The data below contains pictures, which are to be skipped; the lines starting at the line with "Highlights in Science, Engineering" and ending at the line with "Miniature of Richard" are to be output exactly, both ends included.

## EXERCISE MATERIALS
■ ■ ■ ■ ■ ■ ■

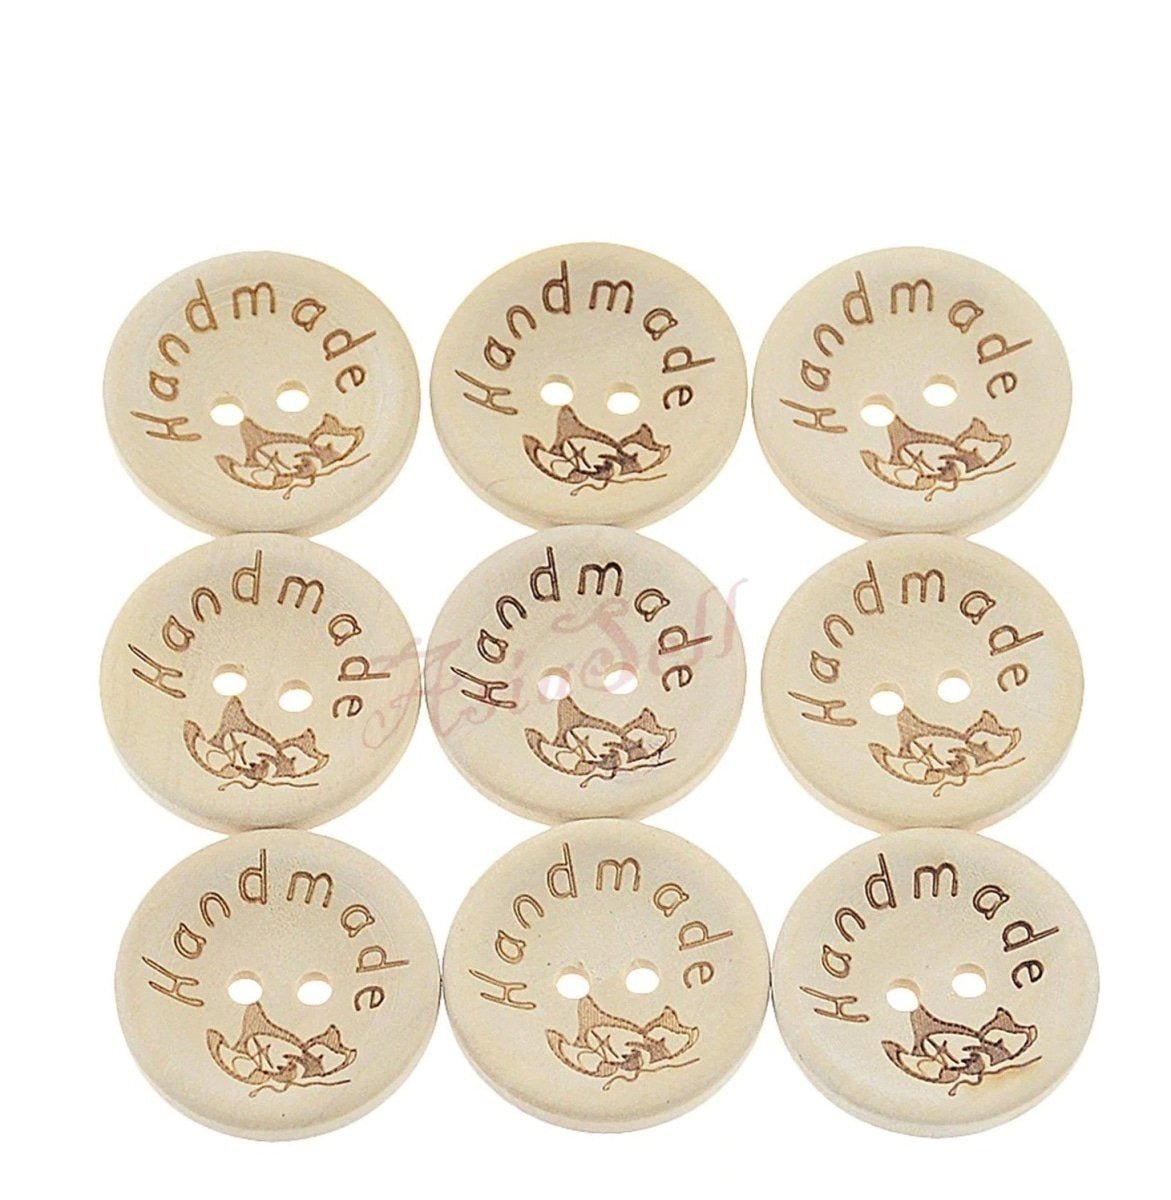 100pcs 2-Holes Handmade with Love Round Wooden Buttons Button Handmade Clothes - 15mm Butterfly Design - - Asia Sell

■ ■ ■ ■ ■ ■ ■

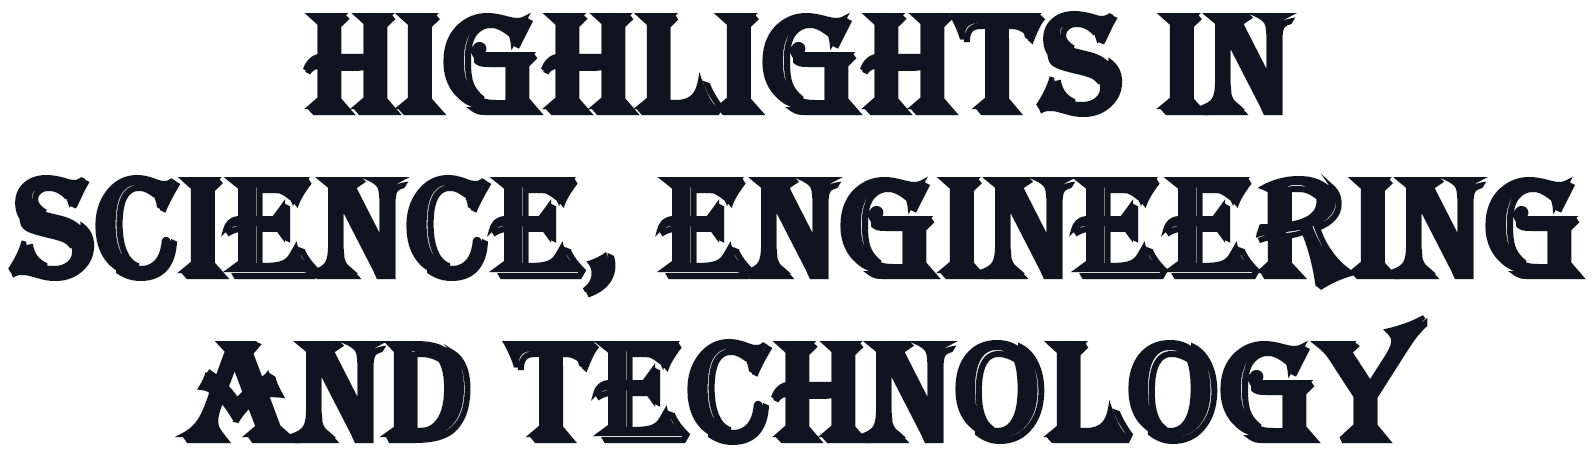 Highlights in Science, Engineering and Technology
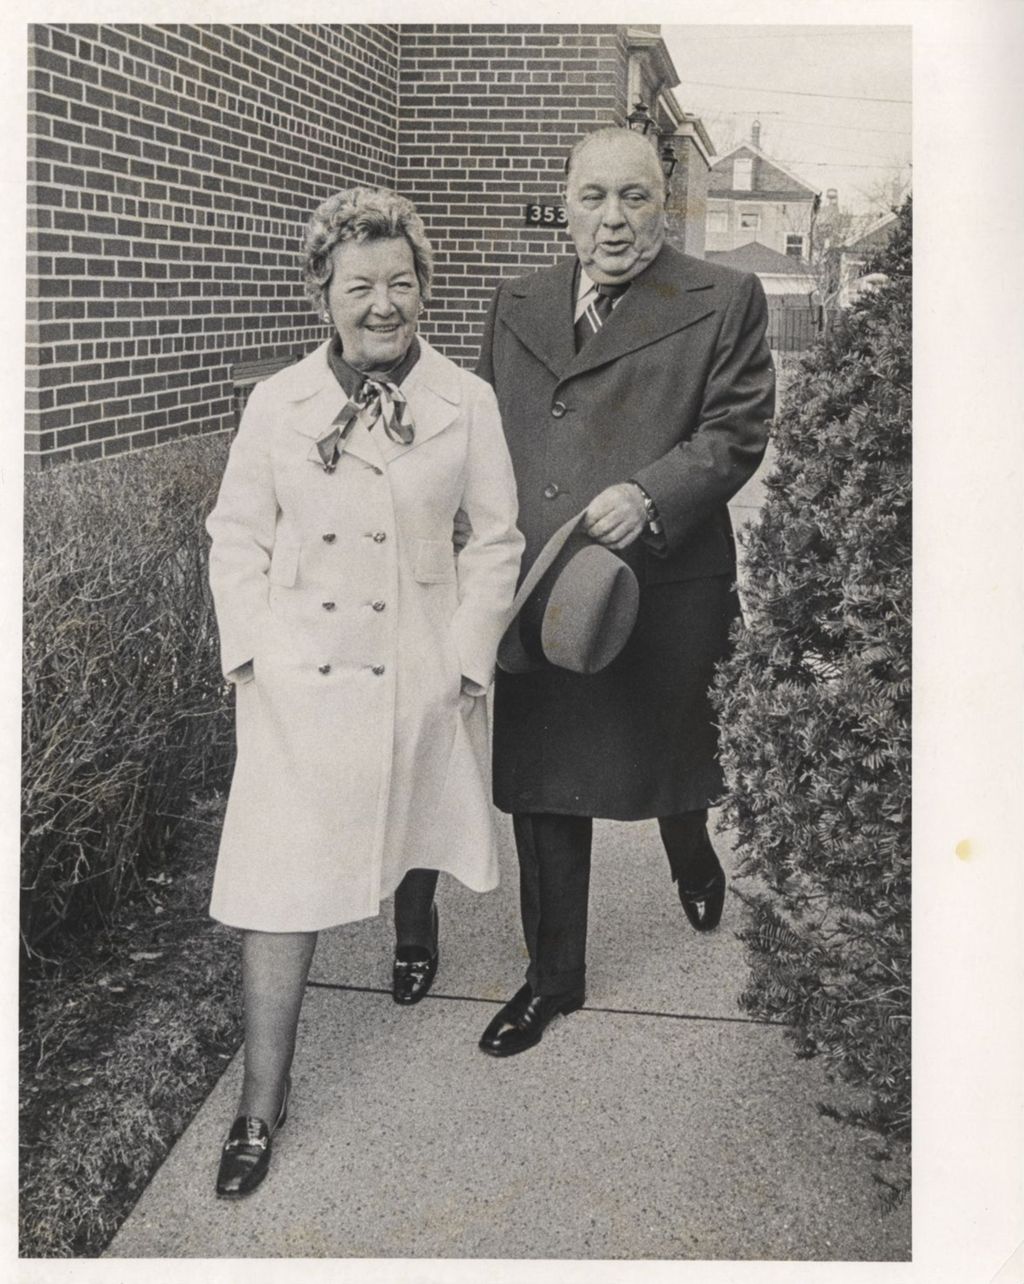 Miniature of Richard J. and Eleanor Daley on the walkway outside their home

■ ■ ■ ■ ■ ■ ■

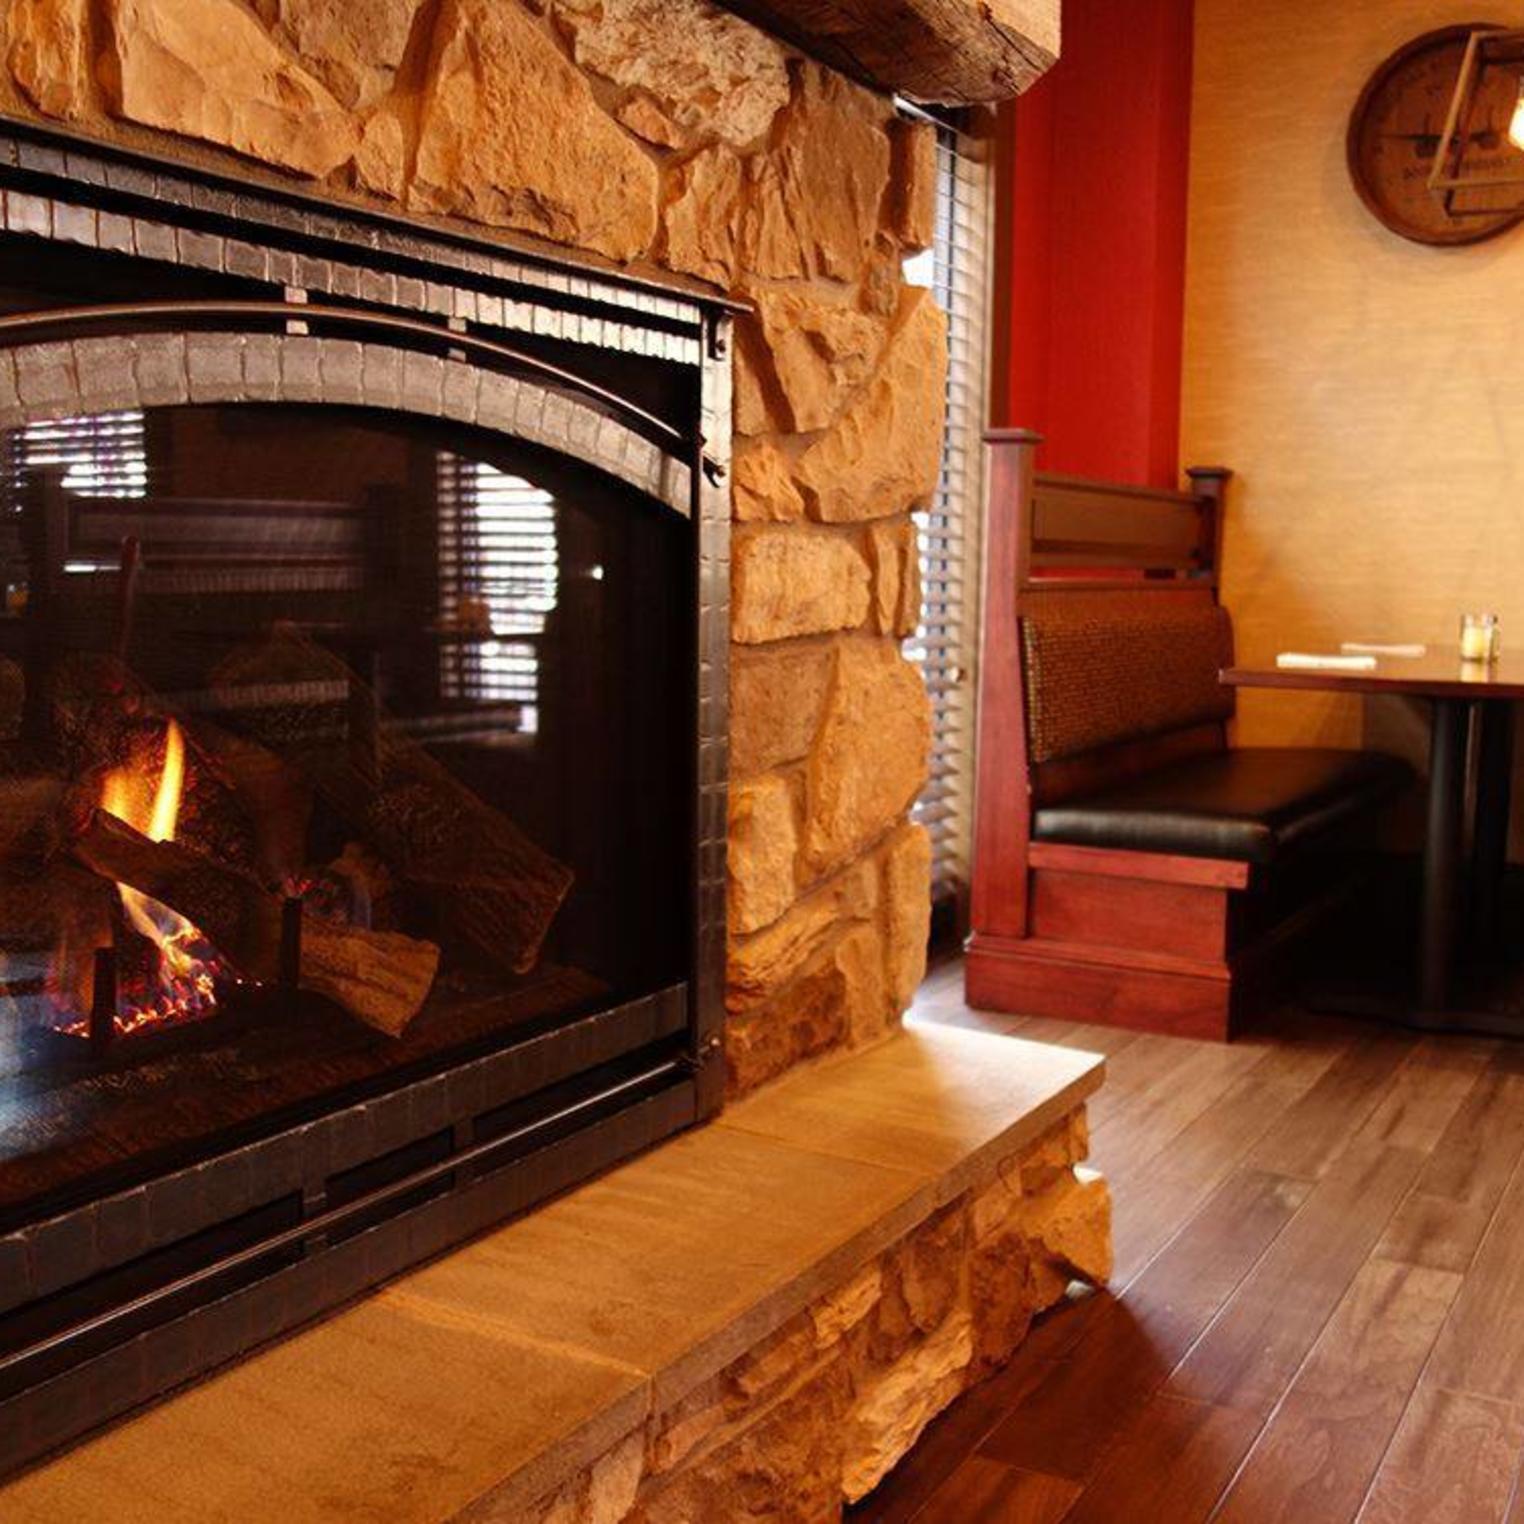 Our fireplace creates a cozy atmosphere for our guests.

■ ■ ■ ■ ■ ■ ■

## EXERCISE ANSWER
 Highlights in Science, Engineering and Technology
 Miniature of Richard J. and Eleanor Daley on the walkway outside their home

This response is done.